The demonetization didn’t satisfy Maza, who called on YouTube to fully ban Crowder from the platform. Though Crowder’s videos are still online, scores of other controversial figures had their videos deleted – including perpetual liberal bogeymen Milo Yiannopoulos and Gavin McInnes.
Though Maza is a particularly loud advocate of censorship, he is not the first journalist to demand Silicon Valley blacklist people whose opinions he finds offensive. CNN spearheaded the campaign to hound right-wing polemicist Alex Jones off virtually every social media platform last year, and just last month BuzzFeed’s Joseph Bernstein rallied a Twitter mob to force YouTube to block a 14-year-old vlogger who said mean things about Muslims.
Greenwald made a point of mentioning his own same-sex marriage and homophobic insults he faced while living in Brazil, calling Crowder a “contemptuous cretin,” but he defended his right to free speech and slammed the journalists pushing tech companies to restrict it.

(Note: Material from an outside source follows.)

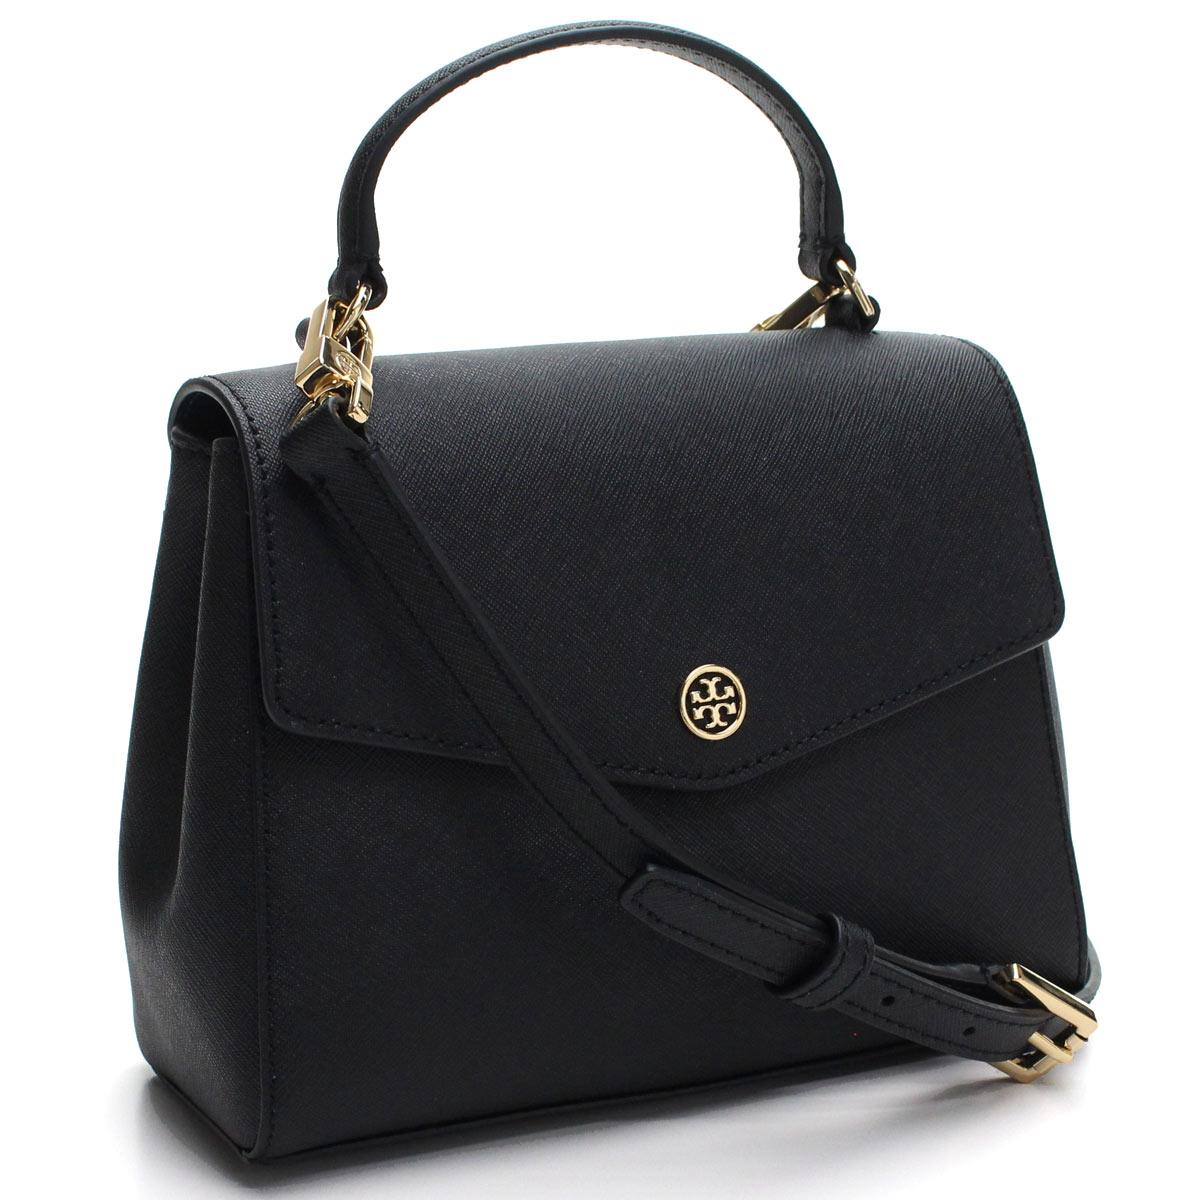 Hit The Total Brand Whole Tolly Birch Tory Burch Robinson Handbag 49686 001 Black Rakuten Global Market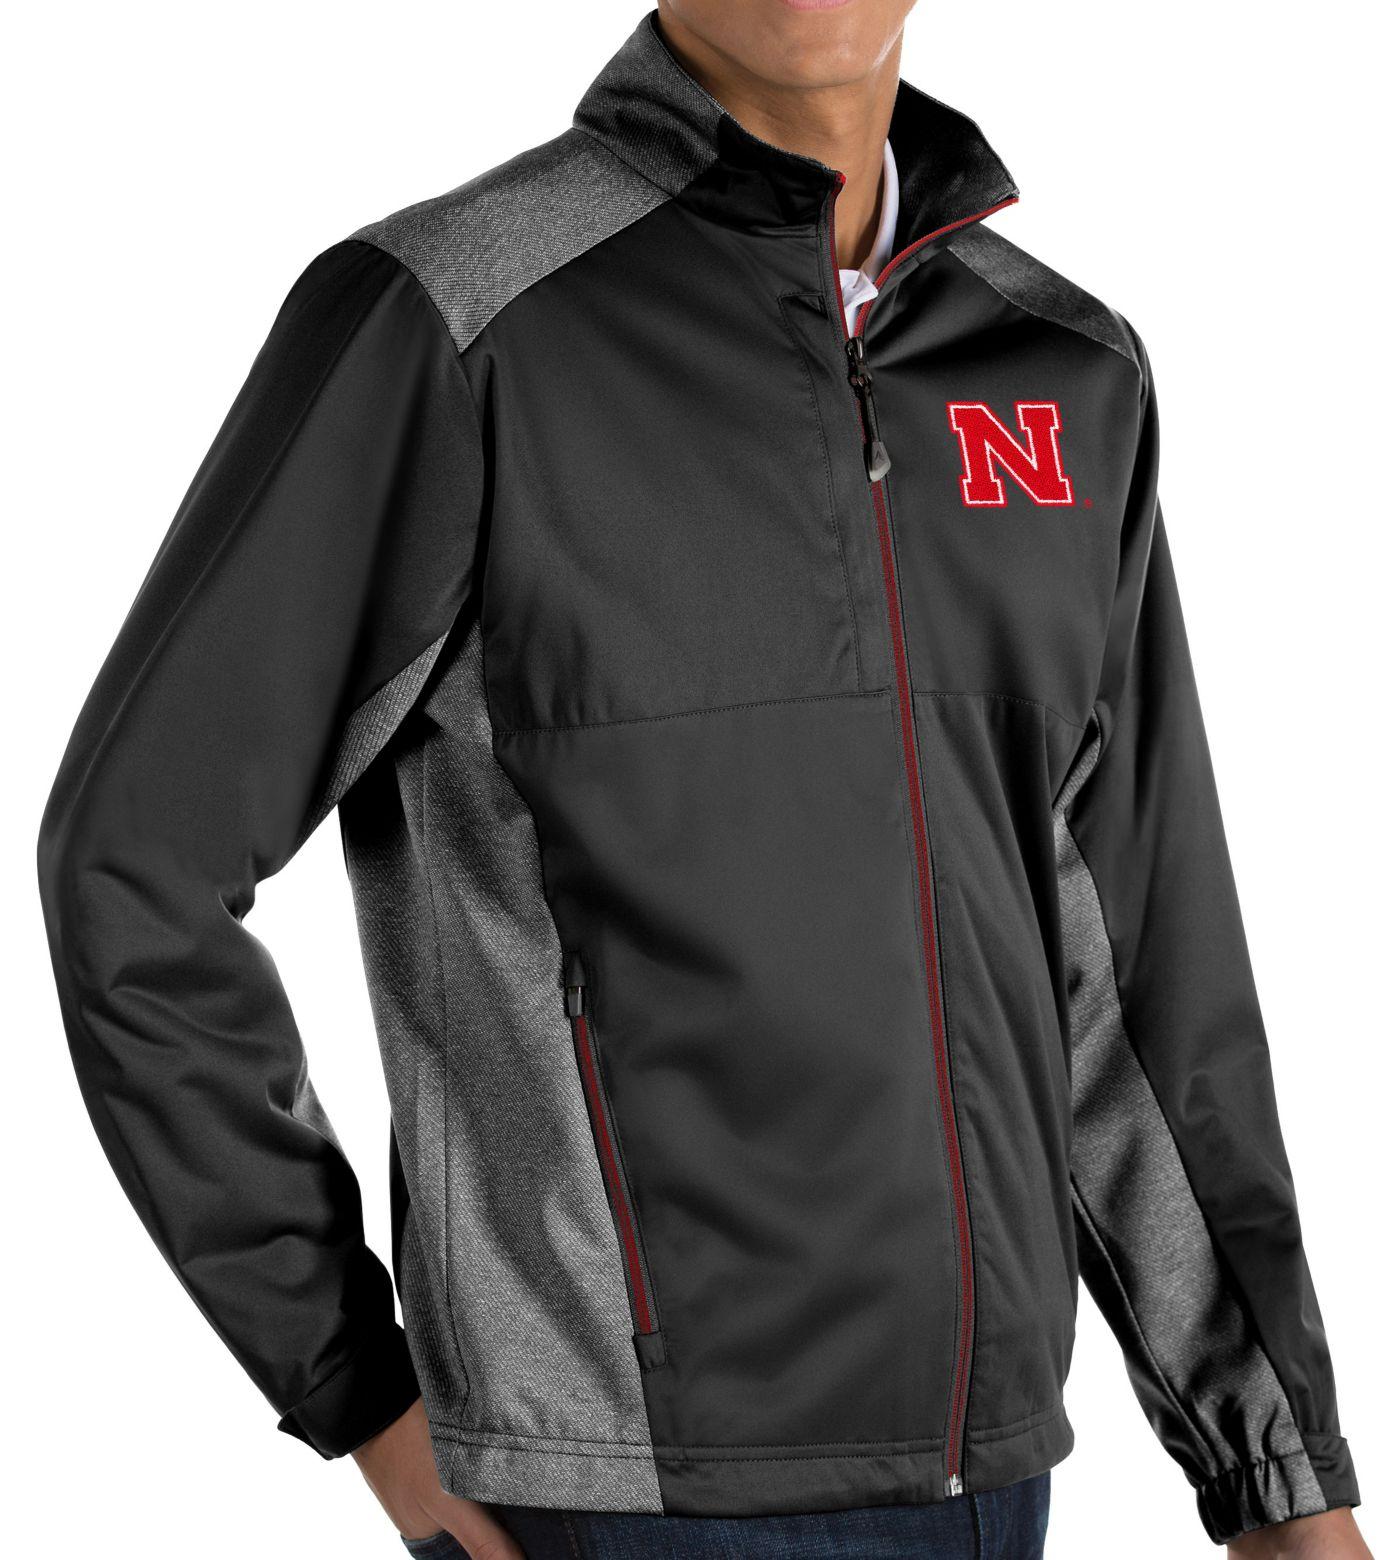 Antigua Men's Nebraska Cornhuskers Revolve Full-Zip Black Jacket

“In reality, this power to censor was not one they (the companies) wanted,” he explained. “It was one that was foisted upon them largely by journalists who were demanding that they remove voices from the Internet. Imagine going into journalism and begging corporations to silence people.”
Seemingly unmoved by Greenwald’s defense of free speech, the same liberal journalists took issue with the outlet where he chose to present it, calling him out for appearing on Carlson’s show, which Vox’s Aaron Rupar described as “the white power hour.”